Reputation: 1255
Is it possible to configure Spark with the spark-streaming-kafka-0-10 library to read multiple Kafka partitions or an entire Kafka topic with a single task instead of creating a different Spark task for every Kafka partition available?
Please excuse my rough understanding of these technologies; I think I'm still new to Spark and Kafka. The architecture and settings are mostly just messing around to explore and see how these technologies work together.
I have a four virtual hosts, one with a Spark master and each with a Spark worker. One of the hosts is also running a Kafka broker, based on Spotify's Docker image. Each host has four cores and about 8 GB of unused RAM.
The Kafka broker has 206 topics, and each topic has 10 partitions. So there are a total of 2,060 partitions for applications to read from.

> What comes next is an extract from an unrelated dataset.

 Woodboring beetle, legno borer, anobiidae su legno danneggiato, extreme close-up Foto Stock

I'm using the spark-streaming-kafka-0-10 library (currently experimental) to subscribe to topics in Kafka from a Spark Streaming job. I am using the SubscribePattern
class to subscribe to all 206 topics from Spark:
val stream = KafkaUtils.createDirectStream[String, String](
ssc,
PreferConsistent,
SubscribePattern[String, String](Pattern.compile("(pid\\.)\\d+"),
kafkaParams)
)
When I submit this job to the Spark master, it looks like 16 executors are started, one for each core in the cluster. It also looks like each Kafka partition gets its own task, for a total of 2,060 tasks. I think my cluster of 16 executors is having trouble churning through so many tasks because the job keeps failing at different points between 1500 and 1800 tasks completed.
I found a tutorial by Michael Noll from 2014 which addresses using the spark-streaming-kafka-0-8 library to control the number of consumer threads for each topic:
val kafkaParams: Map[String, String] = Map("group.id" -> "terran", ...)

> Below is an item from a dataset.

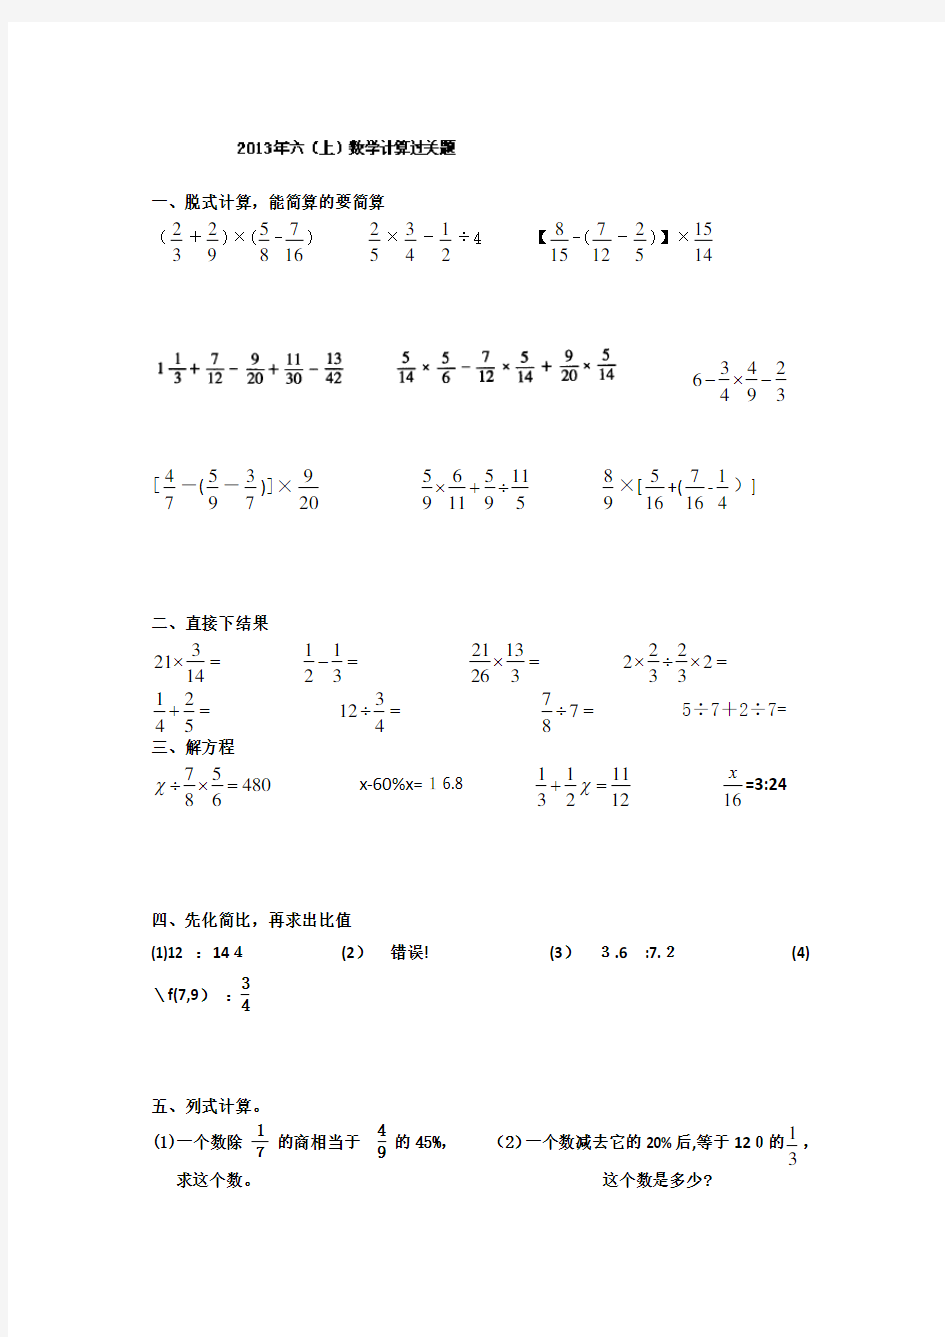 六年级上数学试题-组卷练习-12-13内蒙古(无标准答案)【小学学科网】

val consumerThreadsPerInputDstream = 3
val topics = Map("zerg.hydra" -> consumerThreadsPerInputDstream)
val stream = KafkaUtils.createStream(ssc, kafkaParams, topics, ...)
Upvotes: 1
Views: 2873
Reputation: 377
The second approach will be the best for your requirements. Only you have to set consumerThreadsPerInputDstream = 1. So only one thread will be created per read operations, hence single machine will be involved per cluster.
Upvotes: 1
Reputation: 149636
Is it possible to configure Spark with the spark-streaming-kafka-0-10 library to read multiple Kafka partitions or an entire Kafka topic with a single task instead of creating a different Spark task for every Kafka partition available?
You could alter the number of generated partitions by calling repartition
on the stream, but then you lose the 1:1 correspondence between Kafka and RDD partition.
The number of tasks generated by Kafka partitions aren't related to the fact you have 16 executors. The number of executors depend on your settings and the resource manager you're using.
There is a 1:1 mapping between Kafka partitions and RDD partitions with the direct streaming API, each executor will get a subset of these partitions to consume from Kafka and process where each partition is independent and can be computed on it's own. This is unlike the receiver based API which creates a single receiver on an arbitrary executor and consumes the data itself via threads on the node.
If you have 206 topics and 10 partitions each, you better have a decent sized cluster which can handle the load of the generated tasks. You can control the max messages generated per partition, but you can alter the number of partitions unless you're will to call the shuffling effect of the repartition
transformation.
Upvotes: 3